System calls are very similar to function calls in the sense that arguments are passed in and they return values. The only difference is that system calls work at the kernel level, but functions do not. Switching from user mode to kernel mode is carried out using a special mechanism interrupts…
Most of these details are hidden from the user in the system libraries (glibc on Linux systems). System calls are generic in nature, but despite this, the mechanics of their execution are largely hardware-dependent.

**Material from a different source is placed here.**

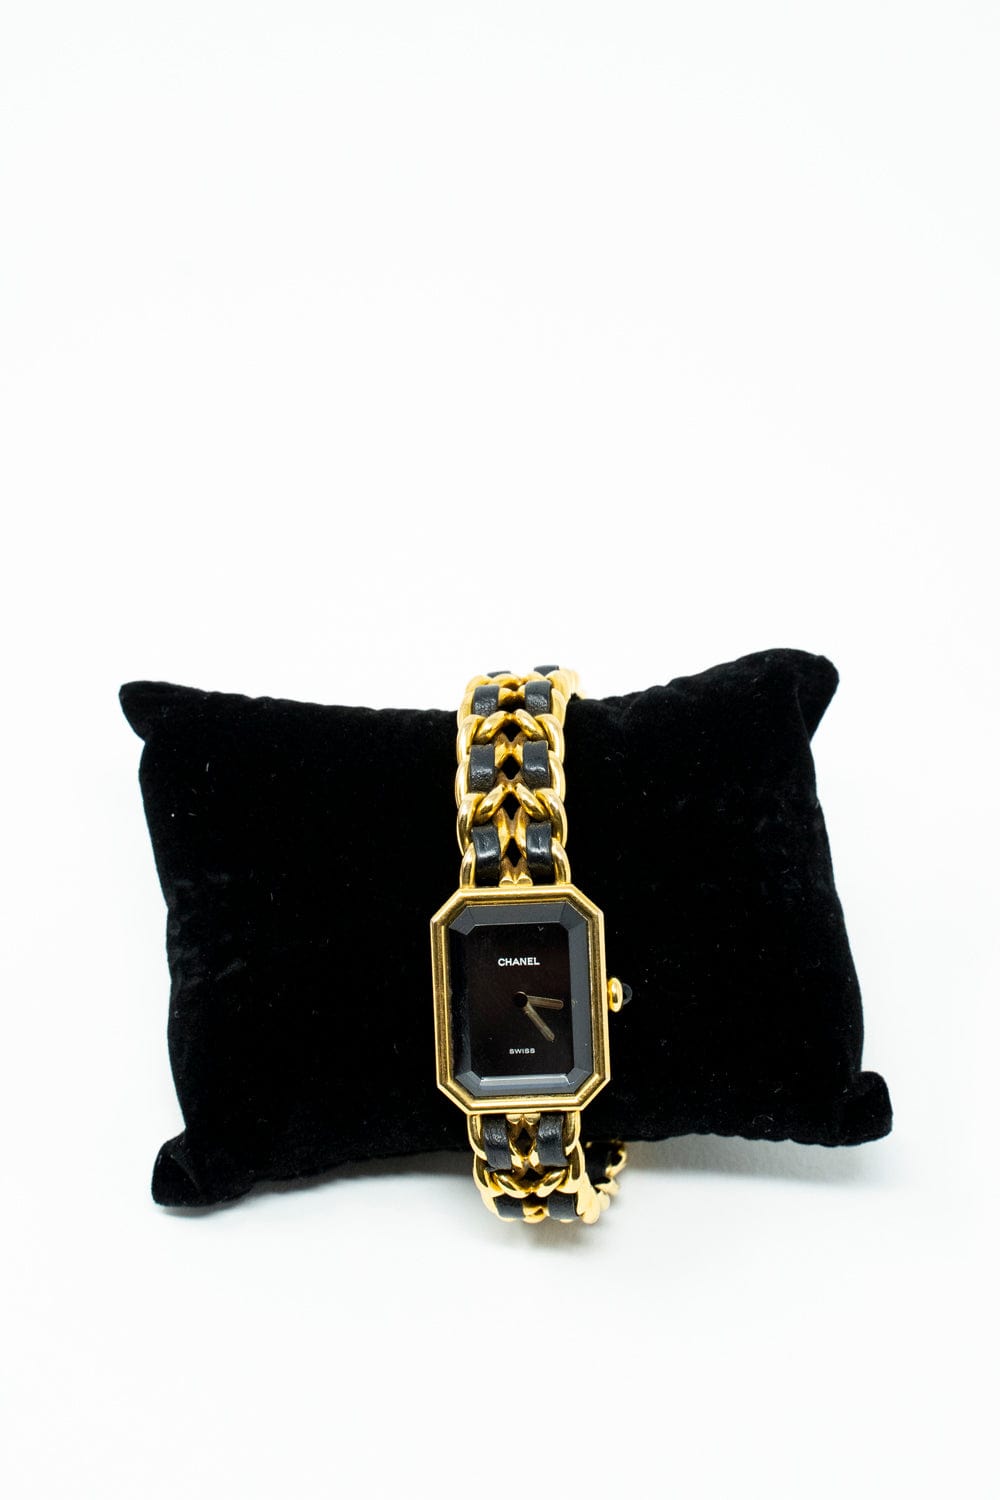 Chanel Chanel premier watch M size - AWL2578
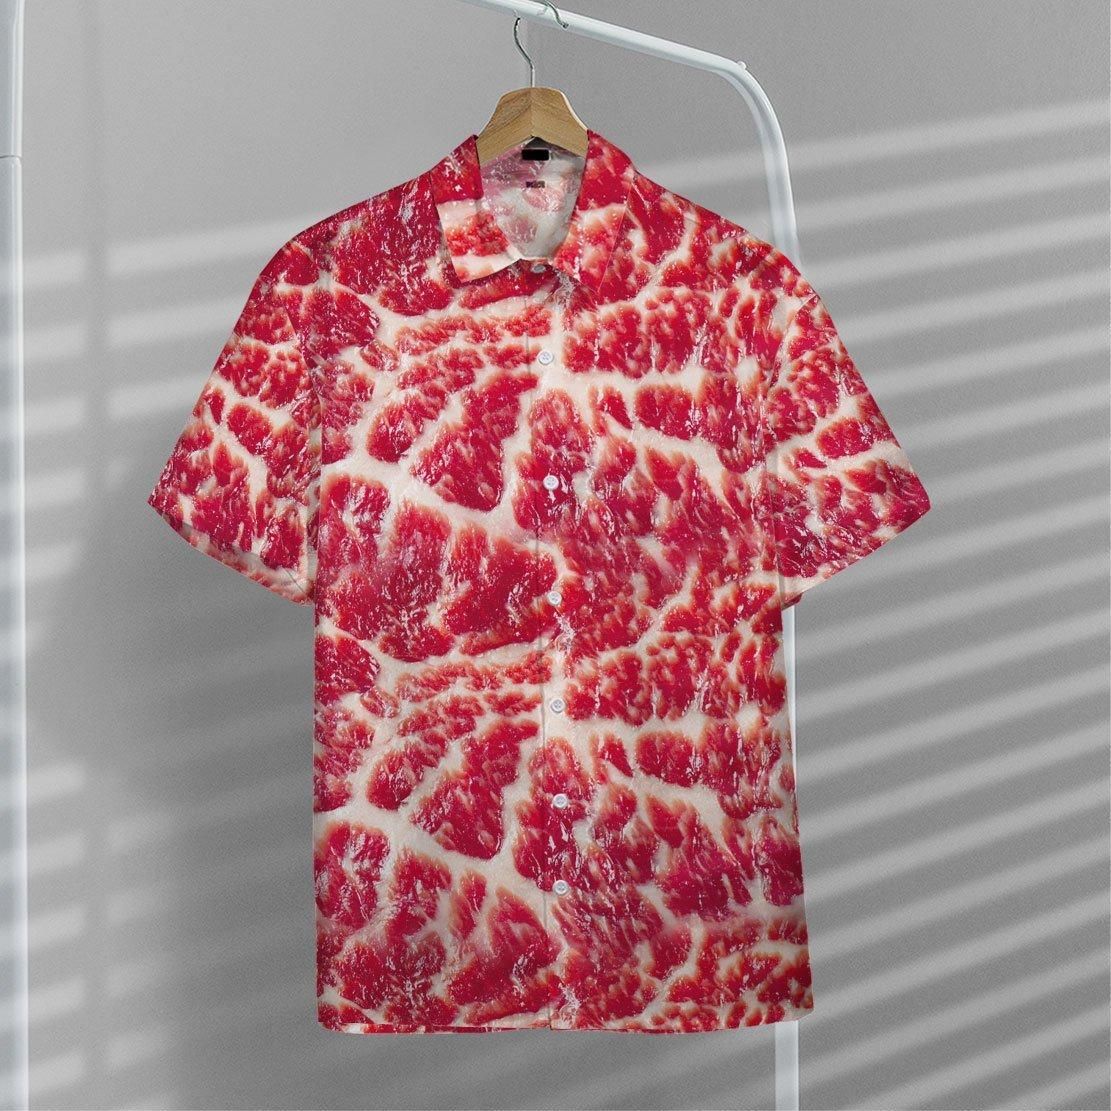 3D Raw Meat Aloha Hawaiian Shirt Colorful Short Sleeve Summer Beach Casual Shirt For Men And Women

This article explores several practical examples of parsing system calls using strace
… The examples use Red Hat Enterprise Linux, but all commands should work on other Linux distributions as well:
[root@sandbox ~]# cat /etc/redhat-release
Red Hat Enterprise Linux Server release 7.7 (Maipo)
[root@sandbox ~]#
[root@sandbox ~]# uname -r
3.10.0-1062.el7.x86_64
[root@sandbox ~]#
First, make sure you have the necessary tools installed on your system. Check if installed strace
can be done using the command below. To view the version strace
run it with the -V parameter:
[root@sandbox ~]# rpm -qa | grep -i strace
strace-4.12-9.el7.x86_64
[root@sandbox ~]#
[root@sandbox ~]# strace -V
strace -- version 4.12
[root@sandbox ~]#
If strace
not installed, then install by running:
yum install strace
For example, create a test directory at /tmp
and two files using the command touch
:
[root@sandbox ~]# cd /tmp/
[root@sandbox tmp]#
[root@sandbox tmp]# mkdir testdir
[root@sandbox tmp]#
[root@sandbox tmp]# touch testdir/file1
[root@sandbox tmp]# touch testdir/file2
[root@sandbox tmp]#
(I am using the directory /tmp
just because everyone has access to it, but you can use any other.)
Using the command ls
check what’s in the directory testdir
files were created:
[root@sandbox tmp]# ls testdir/
file1 file2
[root@sandbox tmp]#
You are probably using the command ls
every day without realizing that system calls are running under the hood. This is where abstraction comes into play. This is how this command works:
Утилита командной строки -> Функции системных библиотек (glibc) -> Системные вызовы
Command ls
calls functions from Linux system libraries (glibc). These libraries, in turn, call system calls, which do most of the work.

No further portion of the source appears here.